The reader may have noticed that without further specification, the semantics of satisfy are ambiguous. For example, the predicate in (1) would be satisfied if an integer variable I already exists in the knowledge base. Several conventions are used to resolve such ambiguities. First, each existentially quantified variable in a satisfy statement results in the creation of a new object. Thus, (1) results in the creation of a new integer variable 1. Second, a frame convention is adopted to the effect that no condition that is true in the initial state will be false in the next state unless it is inconsistent with the predicate in the satisfy statement. For example, the predicate in formula (2) could possibly be satisfied by setting loc- vars(P) to the singleton set containing 1. However, this would violate the frame convention, since the membership of other elements in locvars(P) in the initial state is consistent with the membership of I in loc-vars(P). By the frame convention, the correct interpretation is to simply add I to loc-vars(P).
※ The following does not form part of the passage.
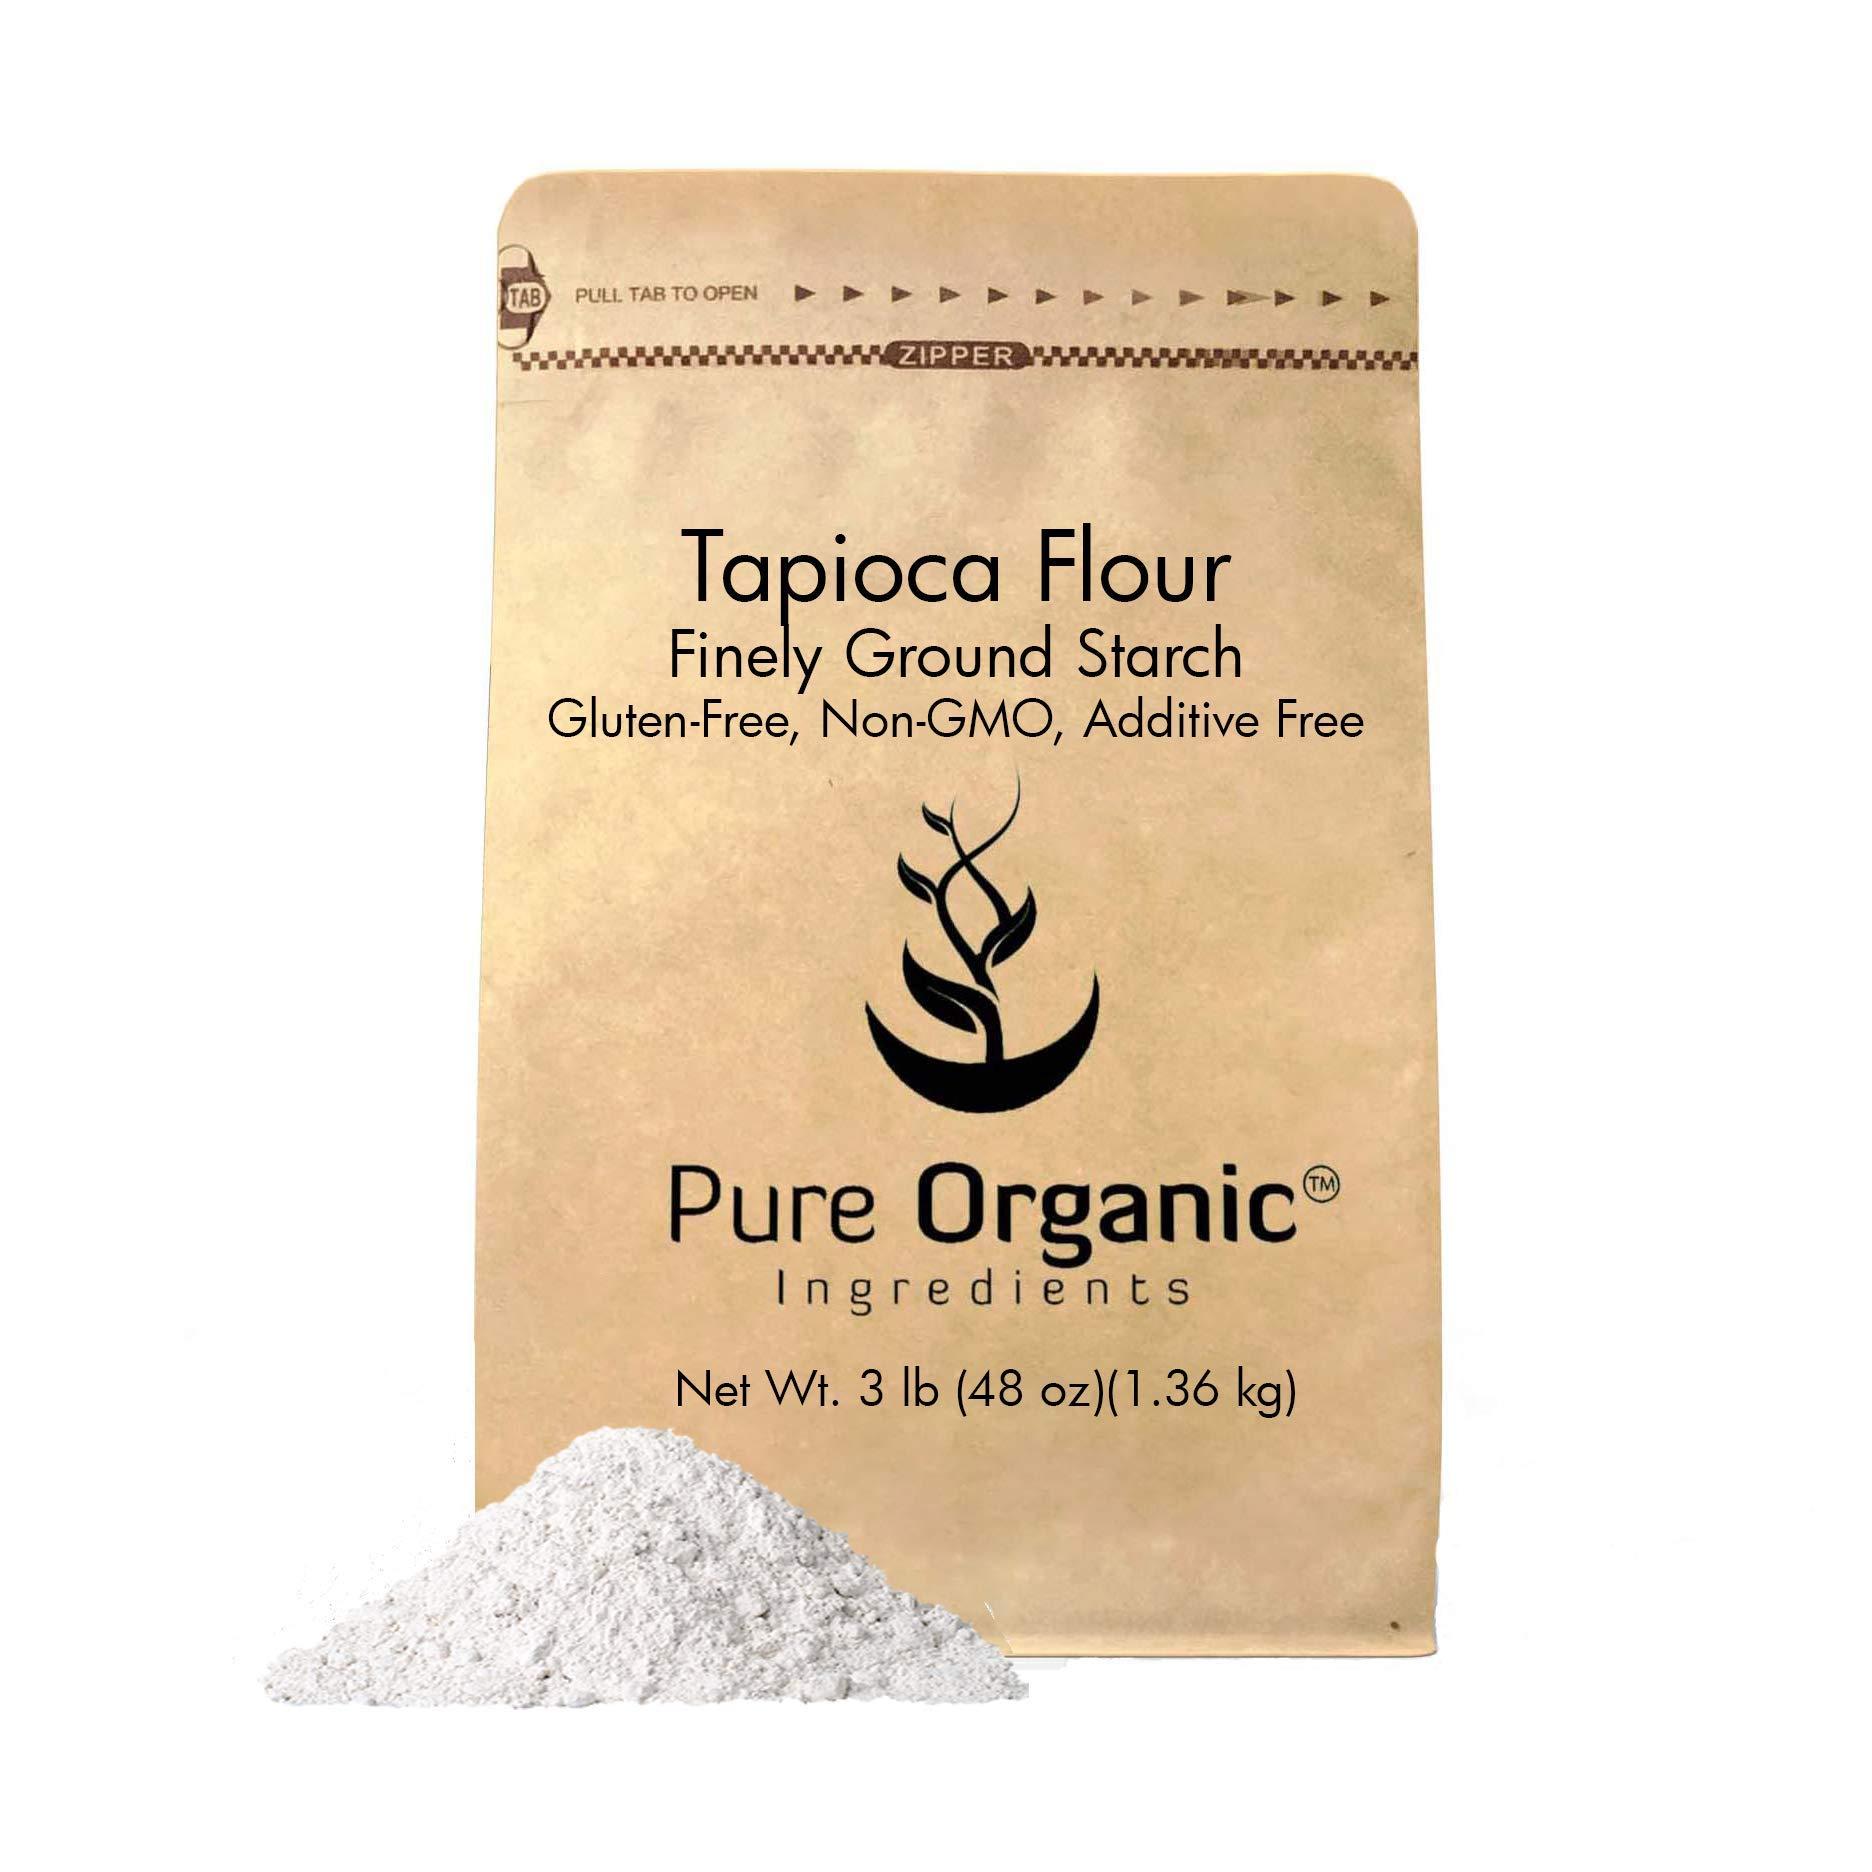 Pure Organic Ingredients Tapioca Flour, 3 lb. (48 oz.), Resealable Eco-Friendly Packaging, Also Called Tapioca Starch, Fine White Powder, Gluten-Free, Non-GMO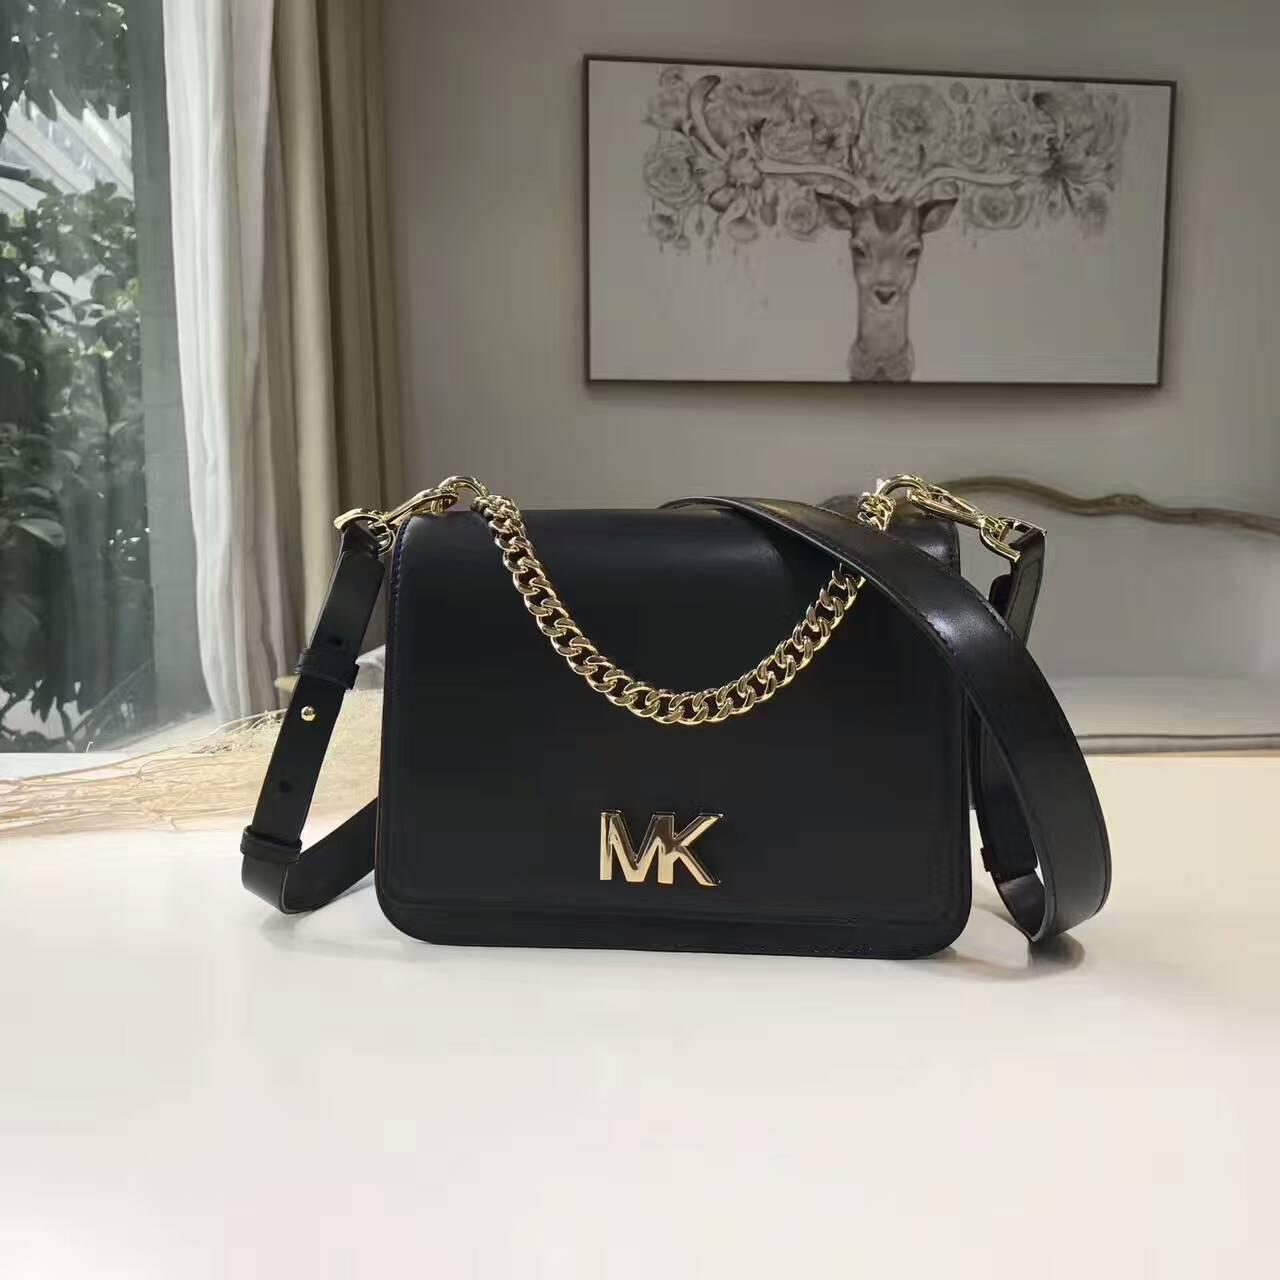 OUTLET美國代購 Michael Kors MK 字母LOGO鍊條翻蓋方包 鍊條包 斜背包 肩背包 黑色

There is also a pragmatic issue that should be mentioned. Each V construct is compiled by transformation rules (discussed in the next section) into lower level constructs and ultimately into Lisp code. This approach allows the incremental development of V. The language can be extended by adding transformation rules to the compiler that explicate the meaning of new constructs. Also, the meaning of a particular complex construct can be built up incrementally in the compiler. For example, the satisfy construct is intended to be used for specifying small changes to the knowledge base by means of a logical description. For this purpose it is a clear and concise construct. However, as it is defined, one can use it to specify the halting problem and other unsolvable problems. Thus, code containing a satisfy construct can be arbitrarily difficult (and sometimes impossible) to compile. Despite this difficulty, satisfy is a very useful construct and a set of transformation rules were developed that handles its intended uses. As new uses arise, new transformation rules are developed and added to the compiler. The open-ended nature of compiling satisfy expressions provides an opportunity for future research on synthesizing code for achieving complex state changes.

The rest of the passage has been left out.